Zur Verlaufskontrolle der Harnblasenamyloidose werden regelmäßige Zystoskopien als auch schnittbildgebende Verfahren diskutiert. Allerdings können weder Computertomographie noch MRT (inklusive multiparametrisches MRT [6]) eine Amyloidose sicher diagnostizieren noch gegen maligne Blasentumoren abgrenzen [1, 4, 5, 8]. Auch Biomarker existieren nicht. Bei hoher Rezidivrate sowie der Gefahr der malignen Transformation wurden bislang sonographische und zystoskopische Verlaufsuntersuchungen in regelmäßigen Intervallen nach Erstdiagnose nach 3, 12 und 24 Monaten mit anschließenden symptomorientieren Kontrollen empfohlen [4, 5, 8]. Bei fehlender Symptomkontrolle, ausgeprägten Befunden oder häufigen Rezidiven sind zudem als Ultima Ratio Zystektomien beschrieben [2, 5, 8]. Dabei ist eine frühzeitige Erkennung und Behandlung potenziell komplikativer systemischer Veränderungen (Neuropathie, Kardiomyopathie) essentiell. Entgegen unserem Fallbeispiel sollte nach Diagnosestellung mittels TURB immer auch eine systemischen Amyloidose eruiert werden. Neben einer internistischen wird primär eine dermatologische Vorstellung empfohlen. Therapien der systemischen Amyloidose reichen von Chemotherapien bis zur Stammzelltransplantation [10].

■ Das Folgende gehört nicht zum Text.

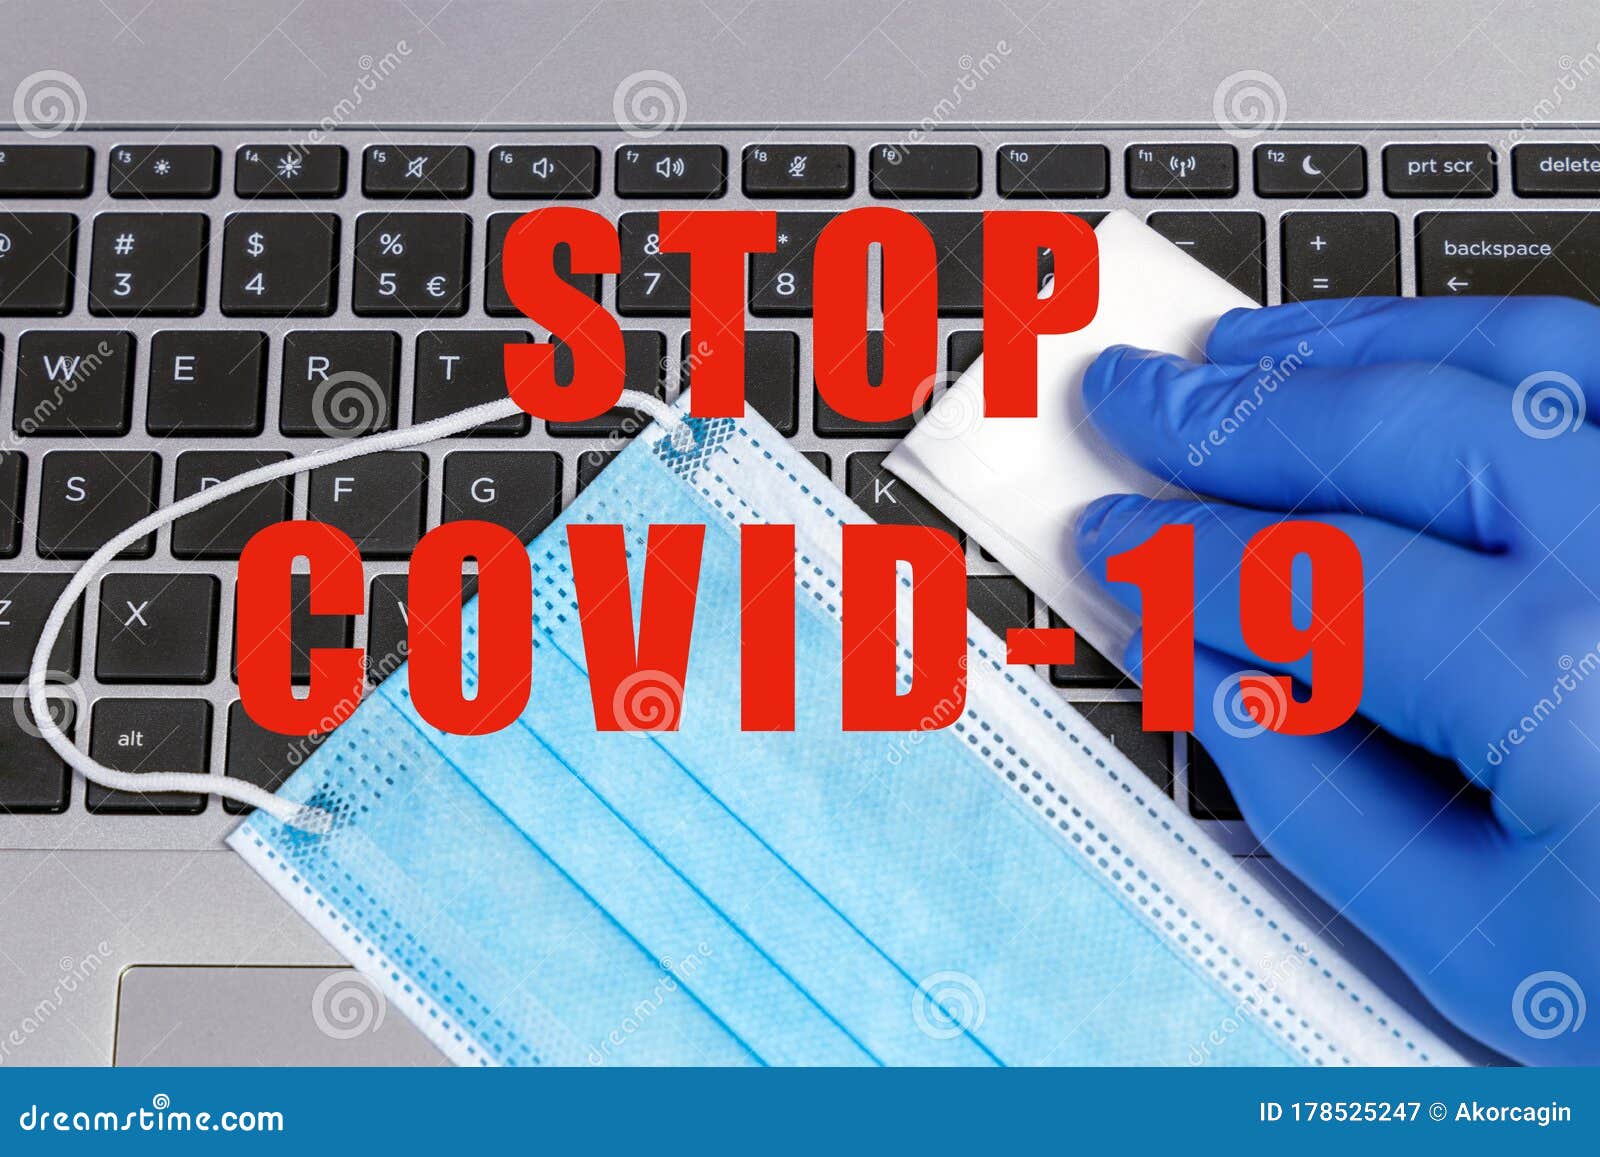 stop covid-19 coronavirus prevention concept disinfection of workspace person cleaning laptop keybord with disinfecting wipes

Zusammenfassung und Ausblick
Dieser Fallbericht verdeutlicht Fallstricke im Zusammenhang mit der Diagnose und Therapie einer Harnblasenamyloidose. Sie kann klinisch sowohl als Tumor als auch als Harnwegsinfekt imponieren. Die TURB ist Diagnostik und Therapie der Wahl. Rezidive sind in einem Drittel der Fälle zu erwarten. CT und MRT haben in der Verlaufskontrolle derzeit keinen Stellenwert. Unklar bleibt, ob Kontrollzystoskopien terminiert oder symptomorientiert durchgeführt werden sollten. Bei rarer Datenlage entschieden wir uns damals für regelmäßige schnittbildgebende und zystoskopische Kontrollen. In Anbetracht aktueller Erkenntnisse, insbesondere bei geringem Risiko der malignen Transformation, ist aus unserer Sicht ein symptomorientiertes Vorgehen mittels Zystoskopie und TURB ohne weitere Schnittbildgebung oder medikamentöse Therapien im Follow-up der isolierten Harnblasenamyloidose zu empfehlen. Bei schweren Verläufen oder häufigen Rezidiven können zudem adjuvante Therapien im „off label use“ erwogen werden. Die Ultima Ratio der Zystektomie ist nur in Ausnahmefällen erforderlich. Neben der lokalen Behandlung ist die Notwendigkeit der frühzeitigen Abklärung einer systemischen Amyloidose nach Erstdiagnose einer Harnblasenamyloidose hervorzuheben.